I'm using spark 2.3.1 and I'm performing NLTK on thousands of input files.

From input files I'm extracting unigram,bigram and trigram words and save it in different dataframe.

Now I want to save dataframes into respected file in HDFS. (every time appending output into same file ) So at the end I have three CSV file named unigram.csv, bigram.csv, trigram.csv containing result of thousands of input file.

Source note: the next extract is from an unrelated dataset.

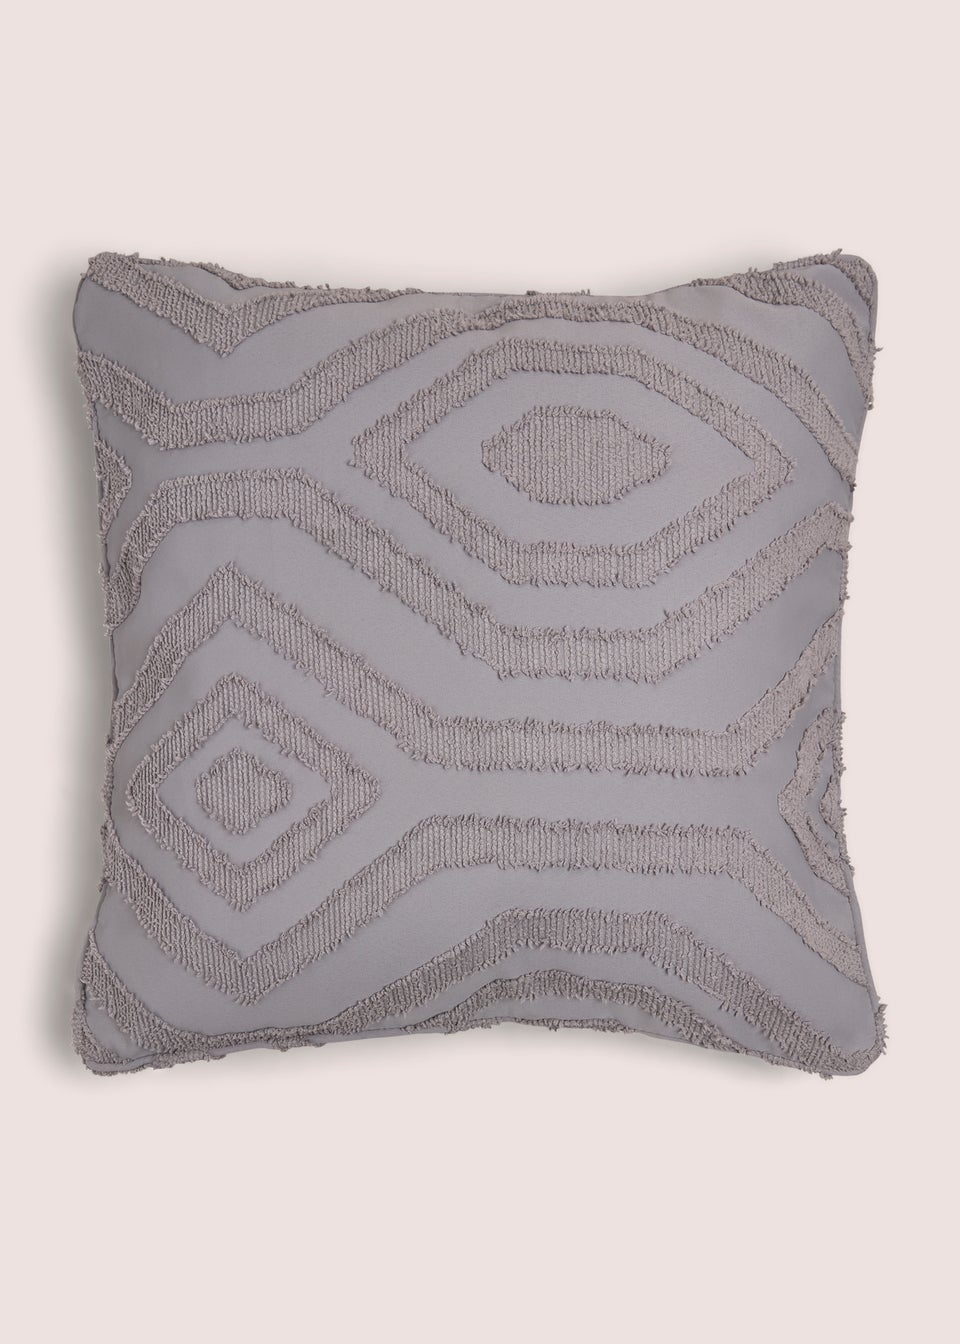 Grey Geo Tufted Cushion (43cm x 43cm)

If this scenario doesn't possible with HDFS, can you suggest it with using local disk as storage path.

Upvotes: 0

Views: 90

Answers (1)

QuickSilver
QuickSilver

Reputation: 4045

File append in normal programming language is not similar to what Dataframe write mode append is. Whenever we ask Dataframe to save to a location folder it will create a new file for every append . Only way you can achieve it by,

  • Read the old file into dfOld : Dataframe
  • Combine the old and new Dataframe dfOld.union(dfNewToAppend)
  • combine to single output file .coalesce(1)
  • Write to new temporary location /tempWrite
  • Delete the old HDFS location
  • Rename the /tempWrite folder your output folder name
    val spark = SparkSession.builder.master("local[*]").getOrCreate;
    import org.apache.hadoop.fs._
    val fs = FileSystem.get(spark.sparkContext.hadoopConfiguration)
    /// Write you unigram Dataframe
    fs.rename(new Path(".../achyuttest.csv/part-00000..."), new Path("yourNewHDFSDir/unigram.csv")
    /// Write you bigram Dataframe
    fs.rename(new Path(".../achyuttest.csv/part-00000..."), new Path("yourNewHDFSDir/bigram.csv")
    /// Write you trigram Dataframe
    fs.rename(new Path(".../achyuttest.csv/part-00000"), new Path("yourNewHDFSDir/trigram.csv")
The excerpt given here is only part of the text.